Practice these randomly selected questions to test your readiness.

Question 1

A histogram of exam scores is shown below. What is the mean score?

A. 60

B. 70

C. 80

D. 90

Question 2

Find the area under the curve \( y = x^2 \) from \( x = 0 \) to \( x = 4 \).

A. 32

B. 64

C. 96

D. 128

Question 3

Find the magnitude of the vector \( vec{a} = 2hat{i} + 3hat{j} \).

A. 5

B. 10

C. 15

D. 20

Question 4

In a binary system, what is the value of the number represented by the sequence 1011?

A. 3

B. 5

C. 7

D. 9

Question 5

Find the area of the triangle with vertices (1, 2), (3, 4), and (5, 6).

A. 10

B. 20

C. 30

D. 40

Question 6

Solve the quadratic equation \( x^2 + 4x + 4 = 0 \).

A. x = -2

B. x = 2

C. x = -1

D. x = 1

Question 7

Find the equation of the circle with center (2, 3) and radius 4.

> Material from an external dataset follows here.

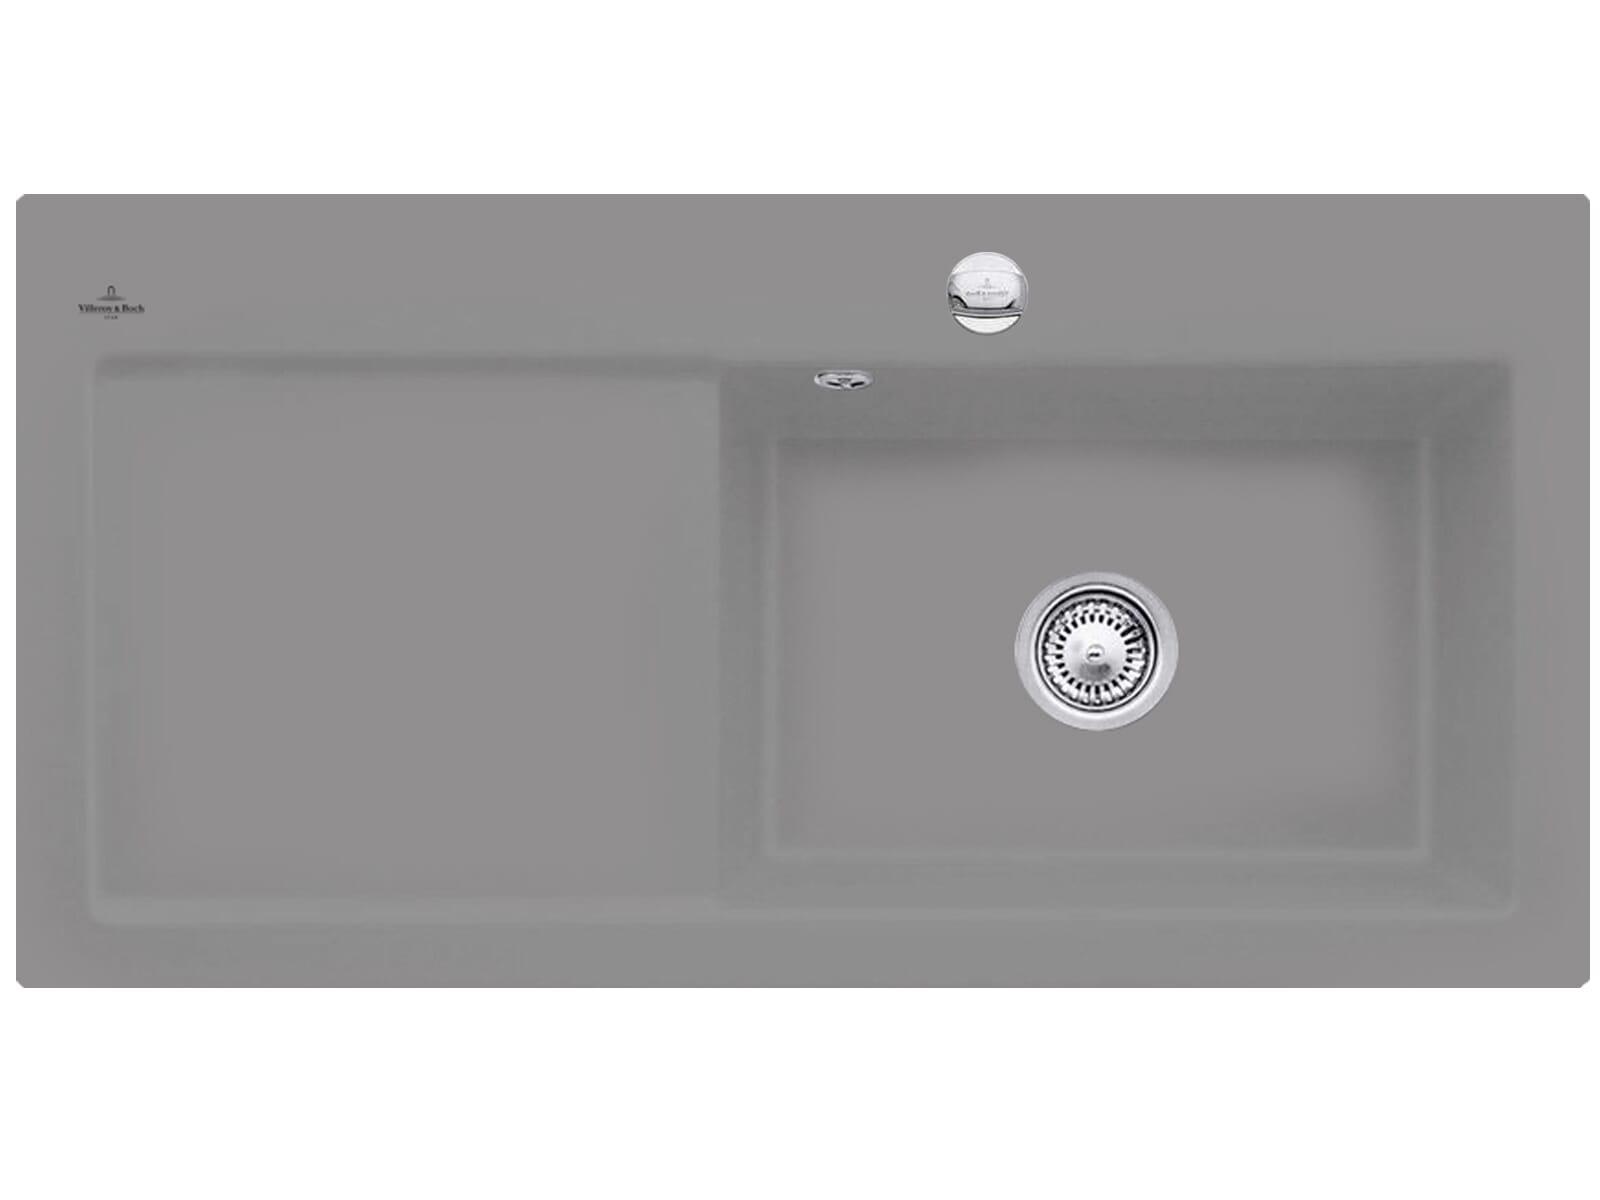 Villeroy & Boch Subway 60 XL Stone - 6719 02 SL Keramikspüle Exzenterbetätigung

A. \( x - 2 \)^2 + \( y - 3 \)^2 = 16

B. \( x - 2 \)^2 + \( y - 3 \)^2 = 32

C. \( x - 2 \)^2 + \( y - 3 \)^2 = 64

D. \( x - 2 \)^2 + \( y - 3 \)^2 = 128

Question 8

Find the derivative of the function ( f(x) = \frac{x^2 + 2x - 3}{x^2 - 4} ) u\sing the quotient rule.

A. \( \frac{\( x^2 - 4 \)\( 2x + 2 \ \) - \( x^2 + 2x - 3 \)(2x)}{\( x^2 - 4 \)^2} )

B. \( \frac{\( x^2 - 4 \)\( 2x + 2 \ \) + \( x^2 + 2x - 3 \)(2x)}{\( x^2 - 4 \)^2} )

C. \( \frac{\( x^2 - 4 \)\( 2x + 2 \ \) - \( x^2 + 2x - 3 \)(2x)}{\( x^2 - 4 \)^2} )

D. \( \frac{\( x^2 - 4 \)\( 2x + 2 \ \) + \( x^2 + 2x - 3 \)(2x)}{\( x^2 - 4 \)^2} )

Question 9

Solve the equation [ x^3 - 6x^2 + 11x - 6 = 0 ].

A. \( x = 1 \)

B. \( x = 2 \)

C. \( x = 3 \)

D. \( x = 4 \)

Question 10

A histogram is constructed with the following data: 2, 4, 6, 8, 10, 12, 14, 16. What is the mean of the data?

A. 7

B. 8

C. 9

D. 10

Question 11

Find the equation of the line pas\sing through the points (1, 2) and (3, 4).

A. y = 2x - 1

B. y = 2x + 1

C. y = x - 1

D. y = x + 1

Question 12

Find the equation of the circle with center \( -2, 3 \) and radius 4.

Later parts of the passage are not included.